Multiply the first by 3 and the second by -2
How would you put 5y equals 25 in standard form?
5y=25x 25x=5y -5y 25x-5y=0
What is 52-5y?
What is 52-5y 52 = 5Y 52 = Y 5 10.4 =Y
What is 5y- 5y?
0
What expression is equivalent to -(-5y-2)?
-3
How do you solve 4 is greater than or equal to 5 y over -2 keeping in mind that only the y is over the negative?

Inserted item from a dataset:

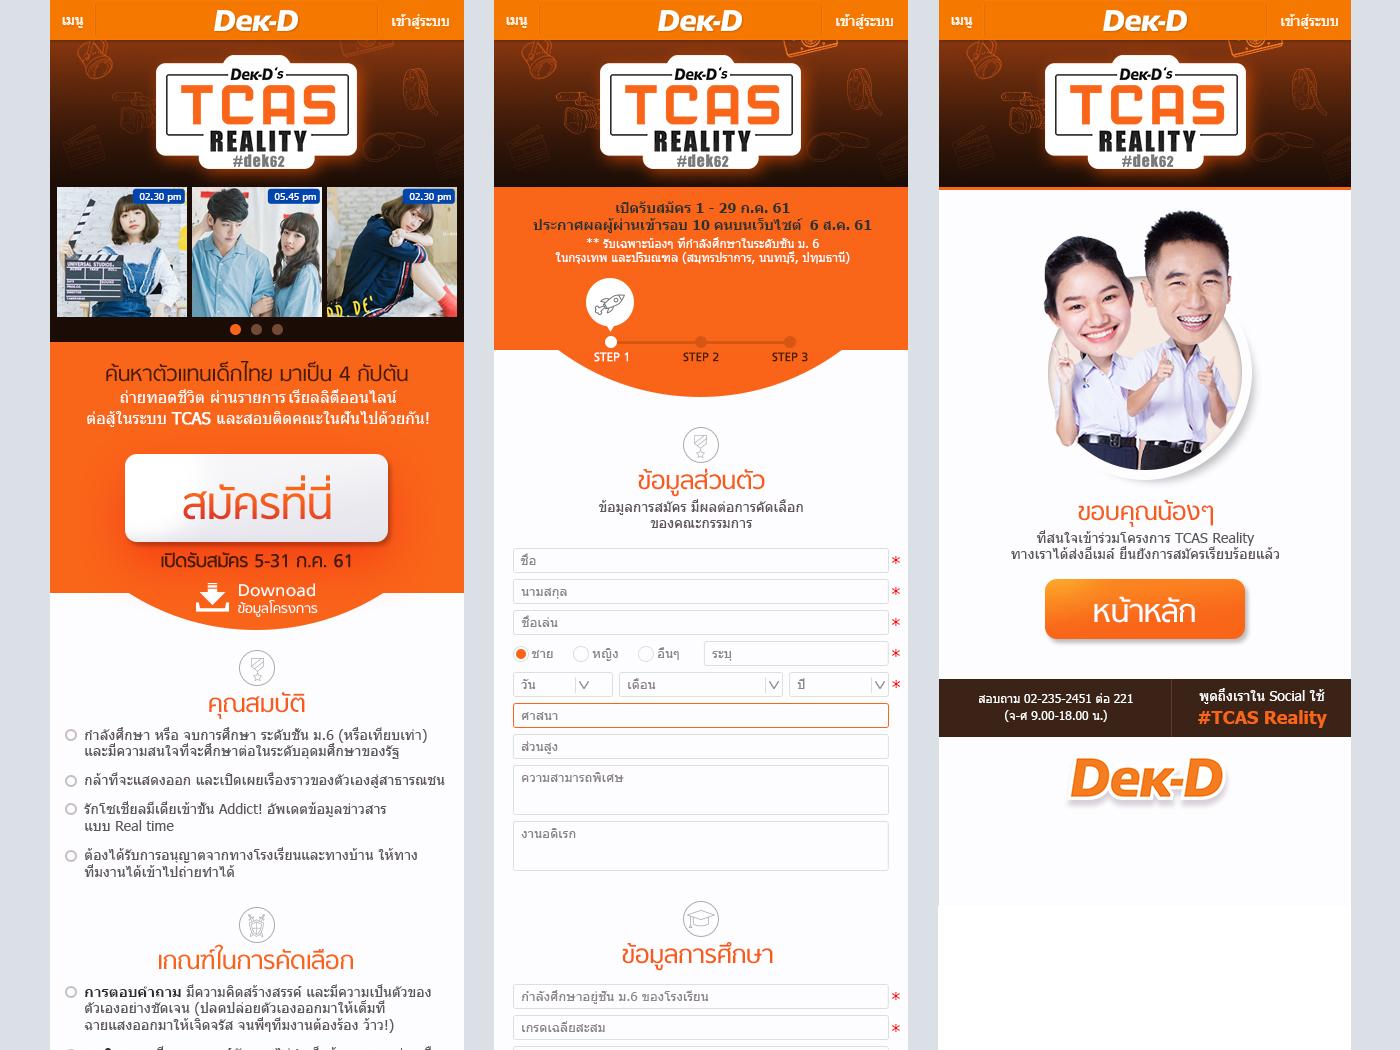 Reality 1 art direction creative direction graphic designer retouching ui ux web design mobile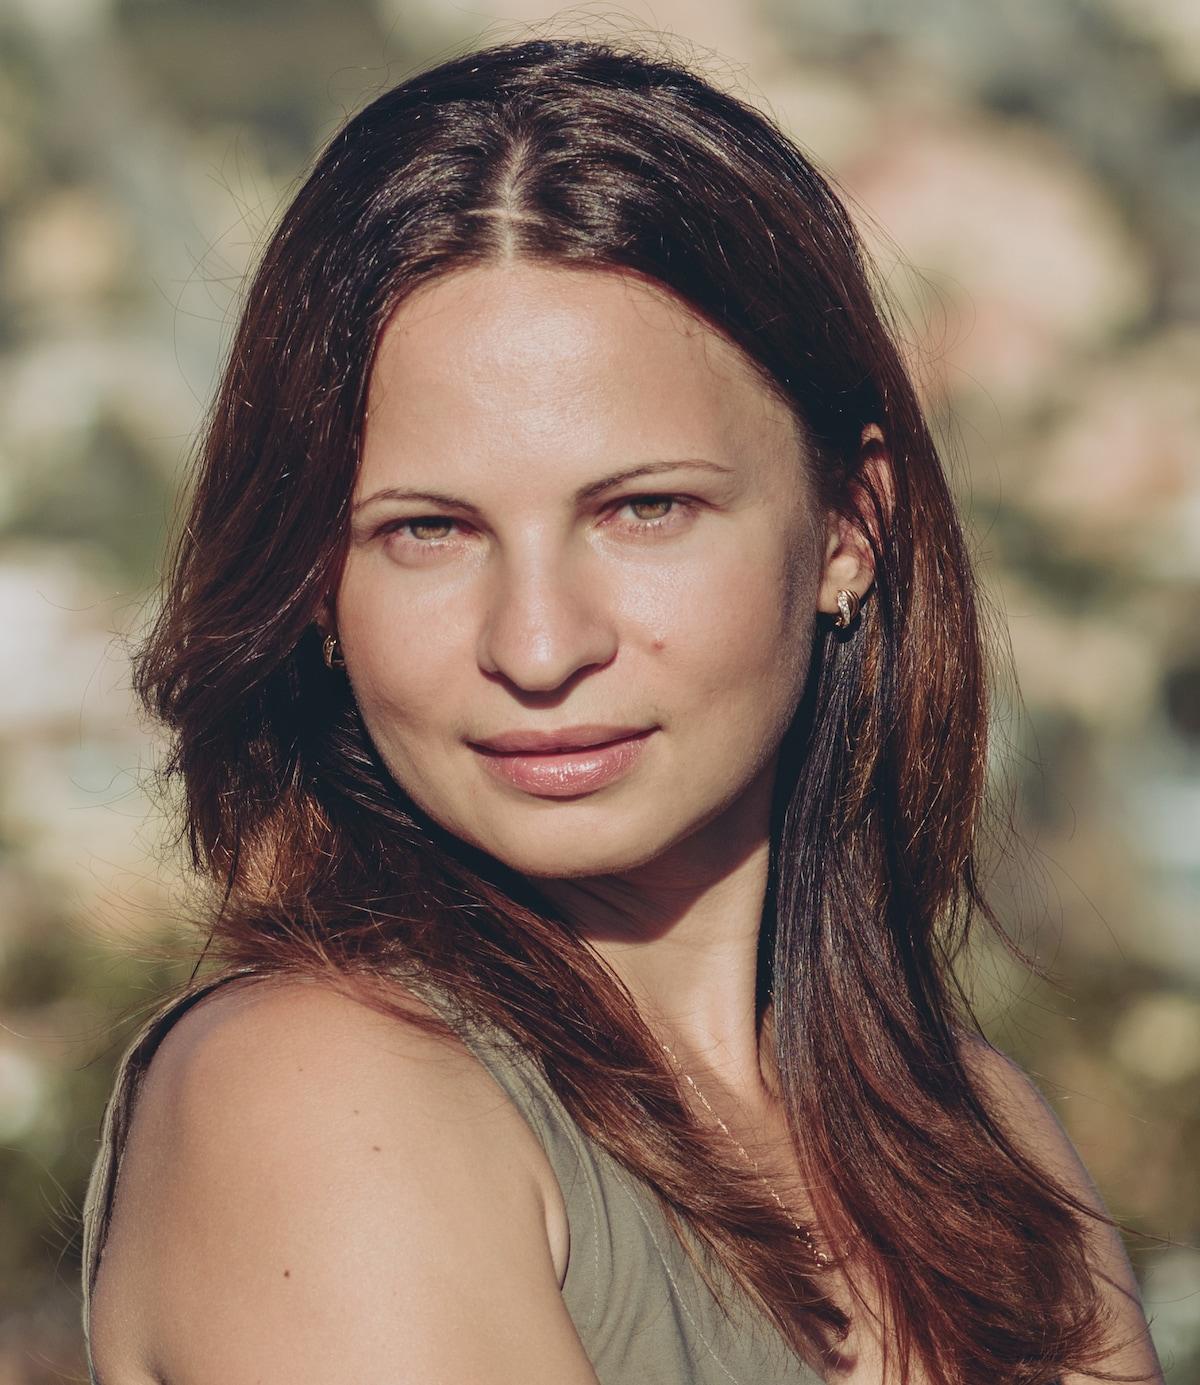 Olga From Benidorm, Spain

To solve 4 ≥ 5y/-2 assuming normal algebraic rules regarding numbers and letters that are next to each other meaning multiply (and not as in a mixed number fraction): 4 ≥ 5y/-2 → 4 ≥ 5y/-2 (multiplying a fraction by a whole number → multiply numerator by the number) → 4 ≥ -5y/2 (make the denominator positive, so negate the numerator) → 8 ≥ -5y (multiply both sides by 2)* → 5y ≥ -8 (take the -5y and the 8 to the opposite sides, changing their signs) → y ≥ -8/5 (divide both sides by 5) Thus any value of y greater than or equal to -8/5 = -13/5 is a solution. * Multiplying (or dividing) both sides of an inequality by a negative number changes the direction of the inequality: greater than becomes less than and vice verse. By ensuring that the top of the negative "fraction" is the negative number and the bottom is positive, this change of inequality does not need to be remembered as a negative number is not used to multiply both sides.